WASHINGTON — Stephen Miller, one of the key architects of President Donald Trump’s hard-line immigration agenda, is the descendant of Jewish immigrants who arrived to a welcoming United States at the turn of the 20th century.

But in an essay posted online Monday, Dr. David S. Glosser, Miller’s uncle, argues that the family would have been turned away if the immigration policies currently backed by Trump and Miller were in place at the time.

“I have watched with dismay and increasing horror as my nephew, an educated man who is well aware of his heritage, has become the architect of immigration policies that repudiate the very foundation of our family’s life in this country,” Glosser wrote in the article, published Monday by Politico.

The article was a notable rebuke by a family member to Miller, who is one of the most fervent public defenders of Trump’s immigration policies — the ban on travelers to the United States from several Muslim countries, the separation of families crossing the border illegally and the drastic reduction in the number of refugees admitted to the United States.

In the article, Glosser related in detail the story of Wolf-Leib Glosser, who arrived on Ellis Island in 1903 from the village of Antopol in Eastern Europe, fleeing persecution and forced conscription. Wolf-Leib Glosser was Miller’s great-grandfather on his mother’s side, writes Glosser.

Had Trump’s immigration policies been in effect at the time, Miller’s uncle writes in the article, “I shudder at the thought of what would have become of the Glossers.”

Supporters of Trump’s immigration agenda insist that it makes no sense to compare the immigration system today with the one that existed at the turn of the 20th century. They argue that the level of education among immigrants is much lower now and that the type of workers seeking to come into the United States have less to offer the current U.S. economy.

Miller — who attended Santa Monica High School in Santa Monica, California, one of the country’s most liberal communities — has pushed for an end to the family-based immigration laws that went into effect in the mid-1960s, arguing that the United States should restrict entry to those who can contribute the most to the U.S. economy.

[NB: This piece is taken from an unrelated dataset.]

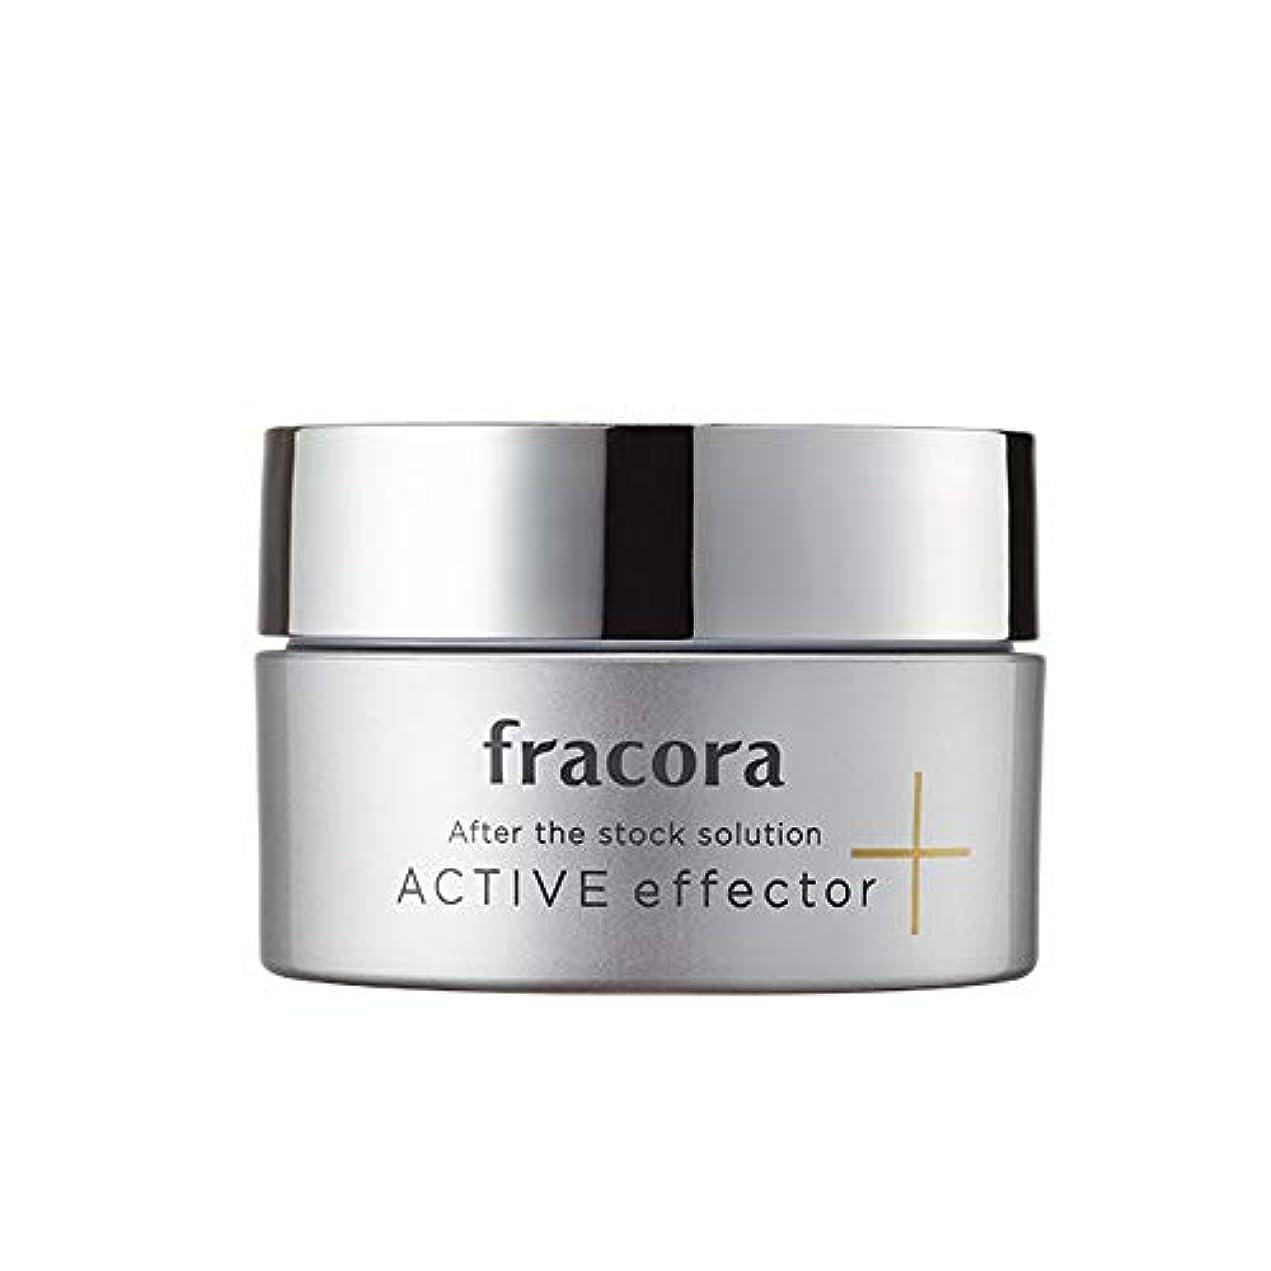 ごめんなさい疑問を超えて人に関する限りfracora(フラコラ) クリーム アクティブ エフェクター 50g

Those views have made Miller a valuable and powerful part of Trump’s White House as the administration has repeatedly pushed to overhaul the country’s immigration laws. But it has also made Miller the target of critics — including his relatives — who say he espouses meanspirited and even racist policies.

In the article, Glosser writes that he fears Miller has forgotten his heritage and the suffering that his ancestors faced.

“Acting for so long in the theater of right-wing politics,” he writes, “Stephen and Trump may have become numb to the resultant human tragedy and blind to the hypocrisy of their policy decisions.”